My brother pointed out, correctly, that most things we see isn’t black and white. There are always so many factors, so many considerations, that go into our decision making and made us commit to one path or another in our clinical approaches. Critical analysis happen in a dynamic ever-changing fashion in a fast paced uncontrolled environment and often all we can do is make our most sound judgement in the presence of all the available information that we are possessing at the time.

But that does not matter. We are the gate keepers. Between good outcome, and terrible ones.

By the fifth day, drips of normal human emotions starts to passively creep back into my head. Desires, hopes, even the occasional brief smile when I see a funny commercial on TV. Like faint flickers of a tiny candle light, my mind quickly smothers it. Go away, as if to say. I’m not ready to welcome you back. I’m still feeling sad.

On the 6th day, with 2 days to go before I have to work again (I gave myself a week to recover from this), I started to force myself to live somewhat of a normal routine. I hit the gym again, did a bit more self study, and even tried a little bit of Christmas shopping and then had dinner with a friend. If I were to perform at my best again, which is what every shift requires, I needed to gradually pull myself back together.

On day 7, with one more day before going back to work, I told myself, it’s time to put this away in my mind. No it’s not the same as forgetting about it. There are lessons to be learned. But I can’t be wearing this on my conscience and still expect myself to perform admirably.

I have to be able to face the consequences of whatever happens as long as I try my best. I have to be okay with the risk of another bad outcome, even though I dearly hope nothing like this ever happens again. A close friend and a colleague reminded me, that as much as we like to play the role of the determinant in our patient’s outcome, very often all we can be is the best possible facilitator. There are things beyond our control. We do our best with what we can control, and try to learn to let go of the rest.

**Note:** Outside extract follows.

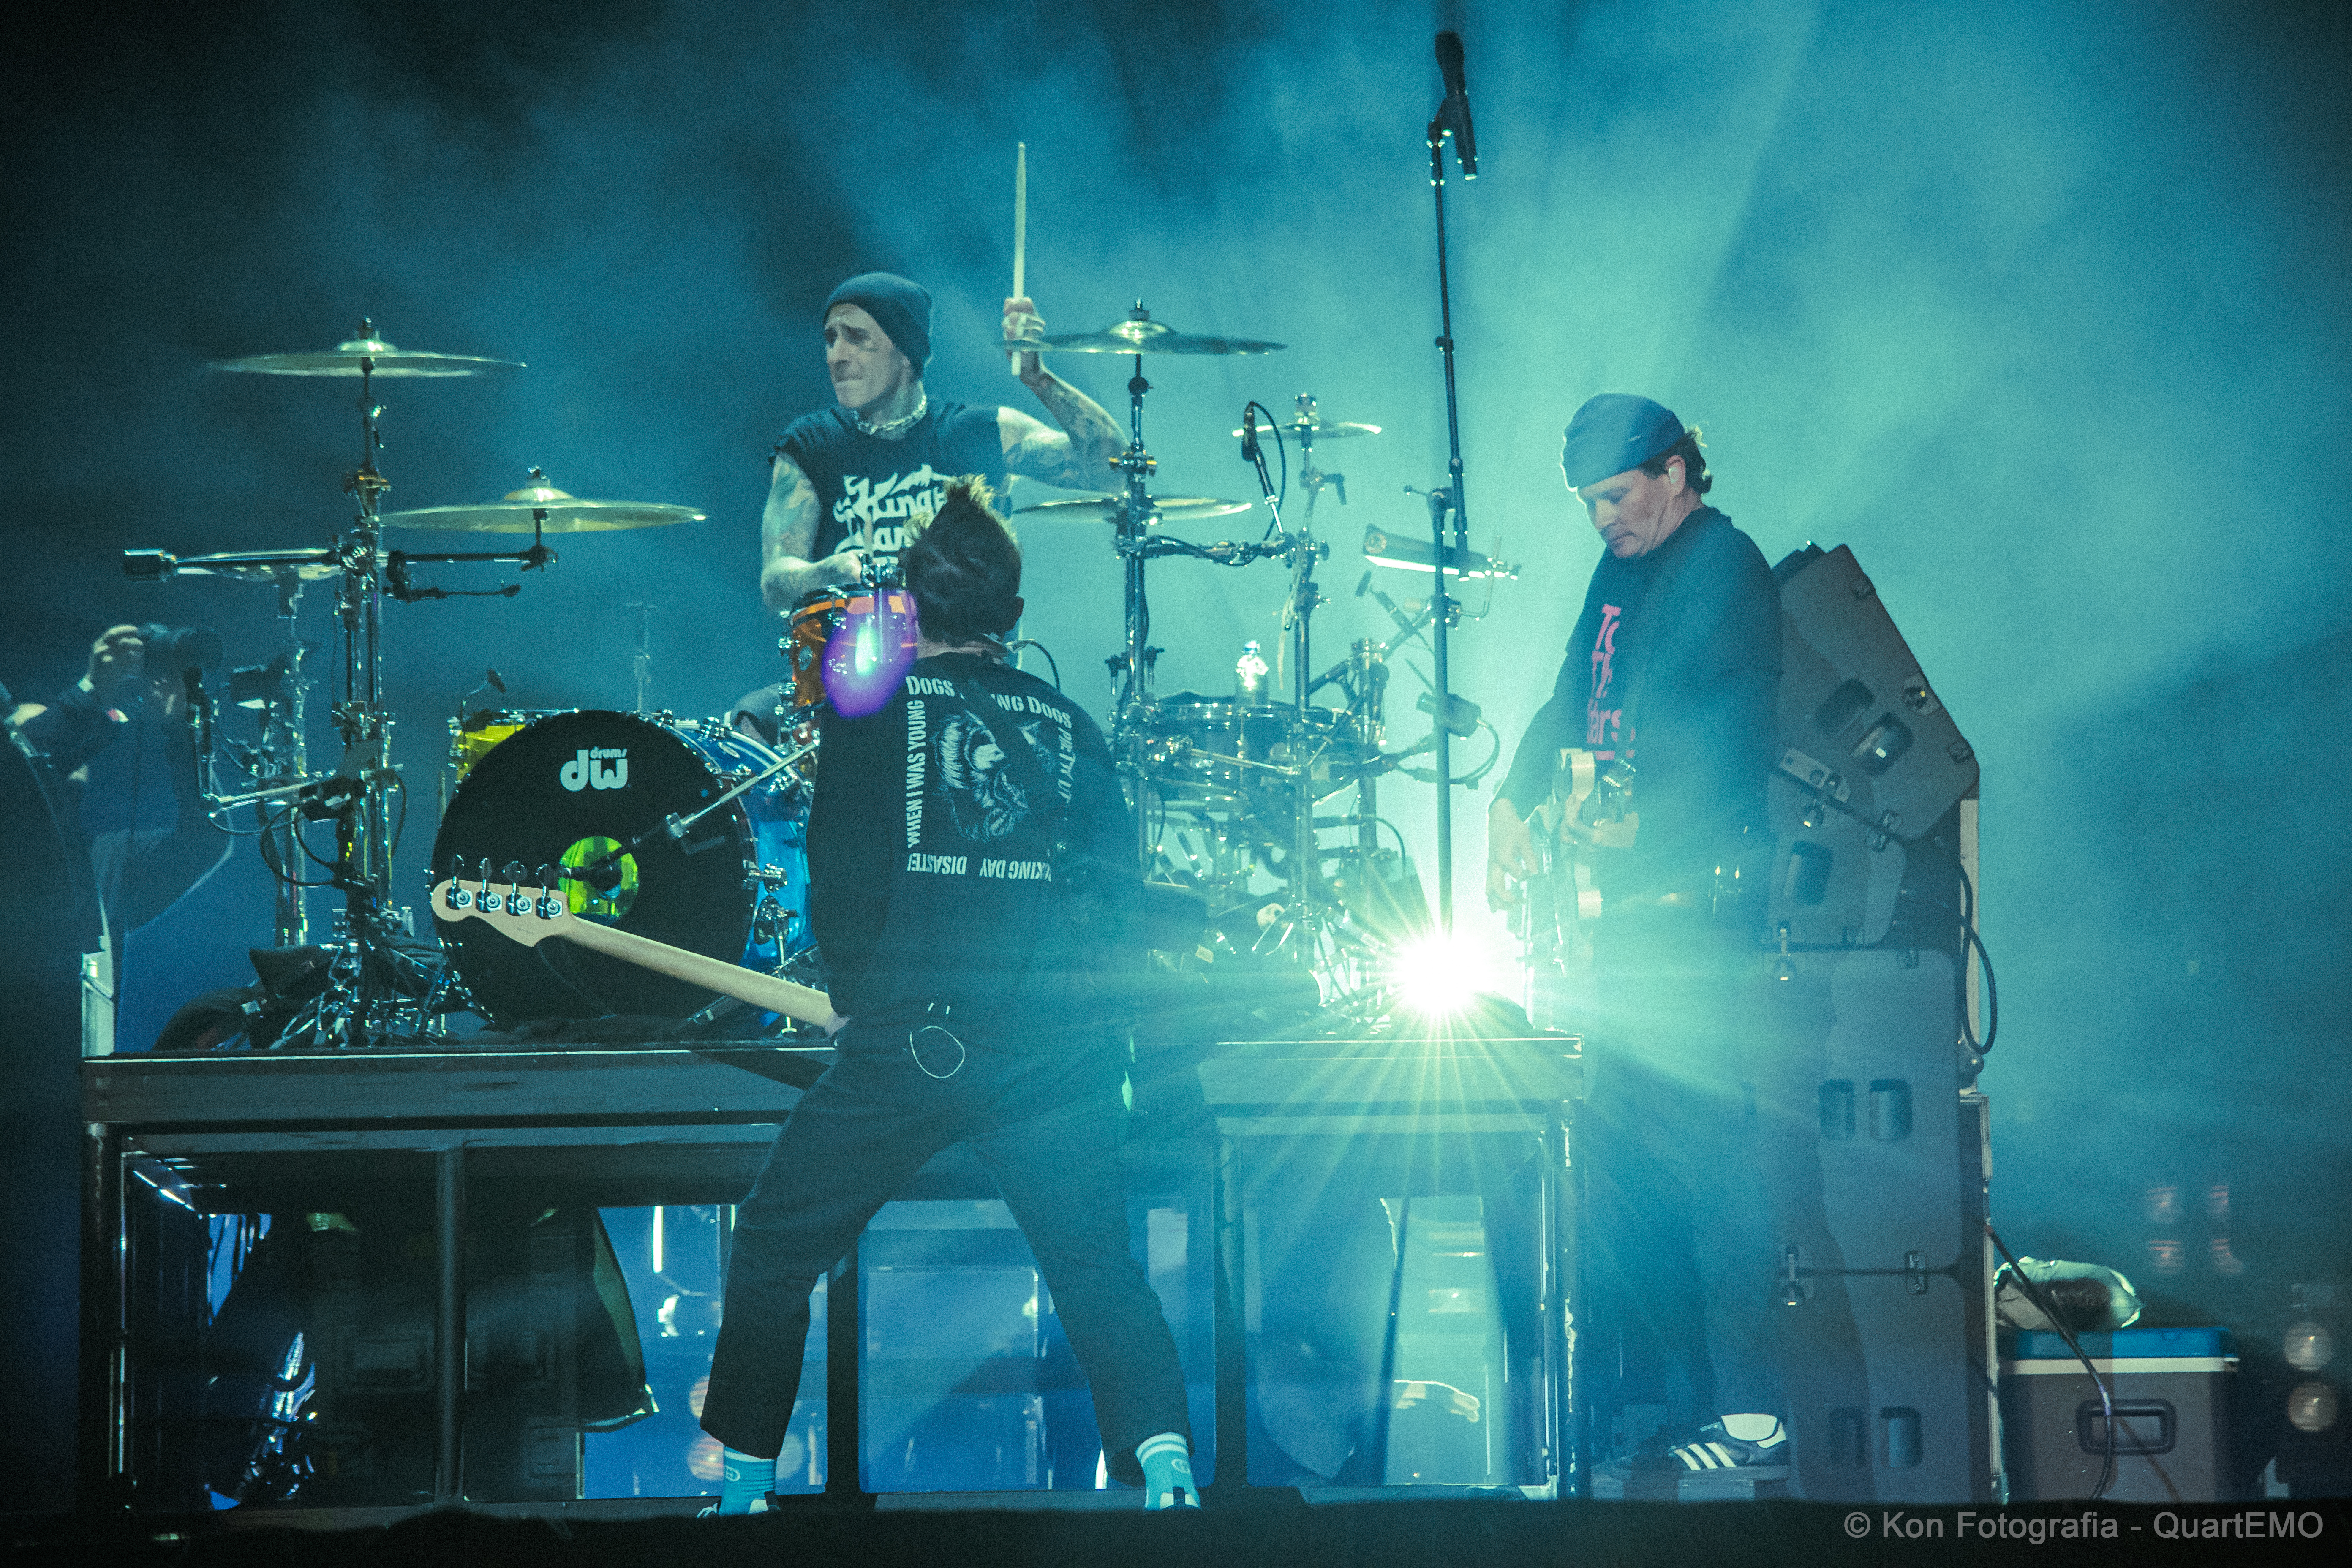 Lollapalooza: O show do blink-182 no Brasil aconteceu e superou expectativas.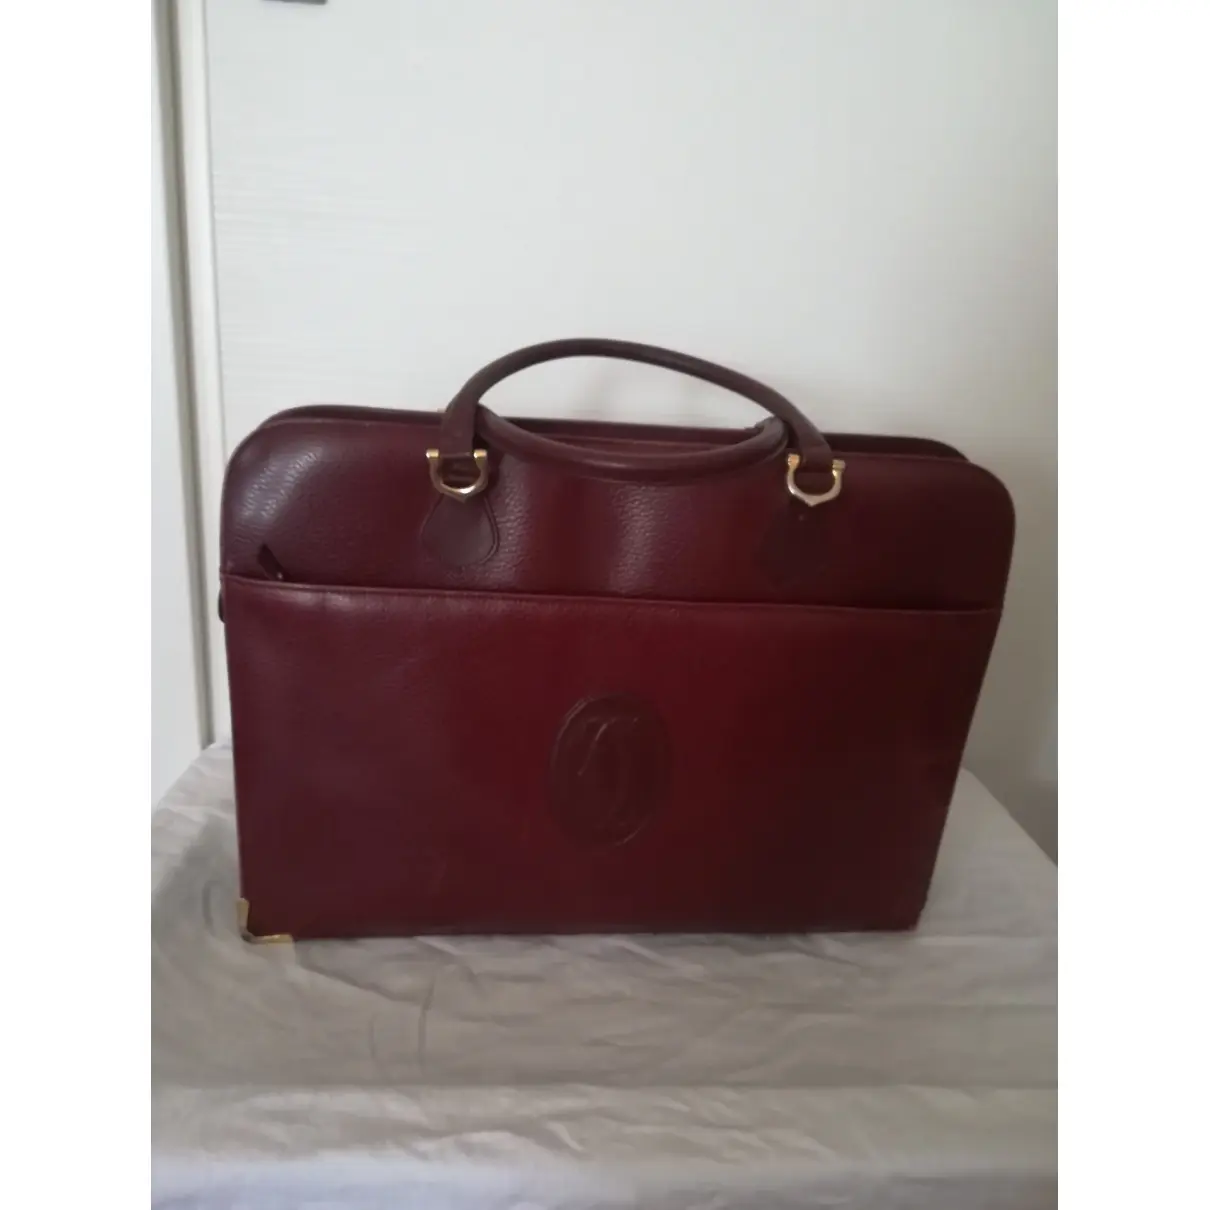 Buy Cartier Leather satchel online - Vintage

One of the more productive thing was returning to work (I couldn’t have done it any earlier, but a week was about the right time to get myself back into functional mode). Going in, and just simply focusing on the medicine, doing what I’ve always done, applying my same reasoning and decision making that I trust, helped filtered away some lingering doubts and uncertainty. Seeing new faces, and just focusing on solving their problems, helped refocused my attention onto others and not what’s been going on. There are still moments of vulnerability, but with each shift the patterns become more regular, and my trade-mark quick shuffle started to pick up its pace again as my mind warp back into turbo mode, releasing the surge of serotonin that not only lifts my productivity, but my mood.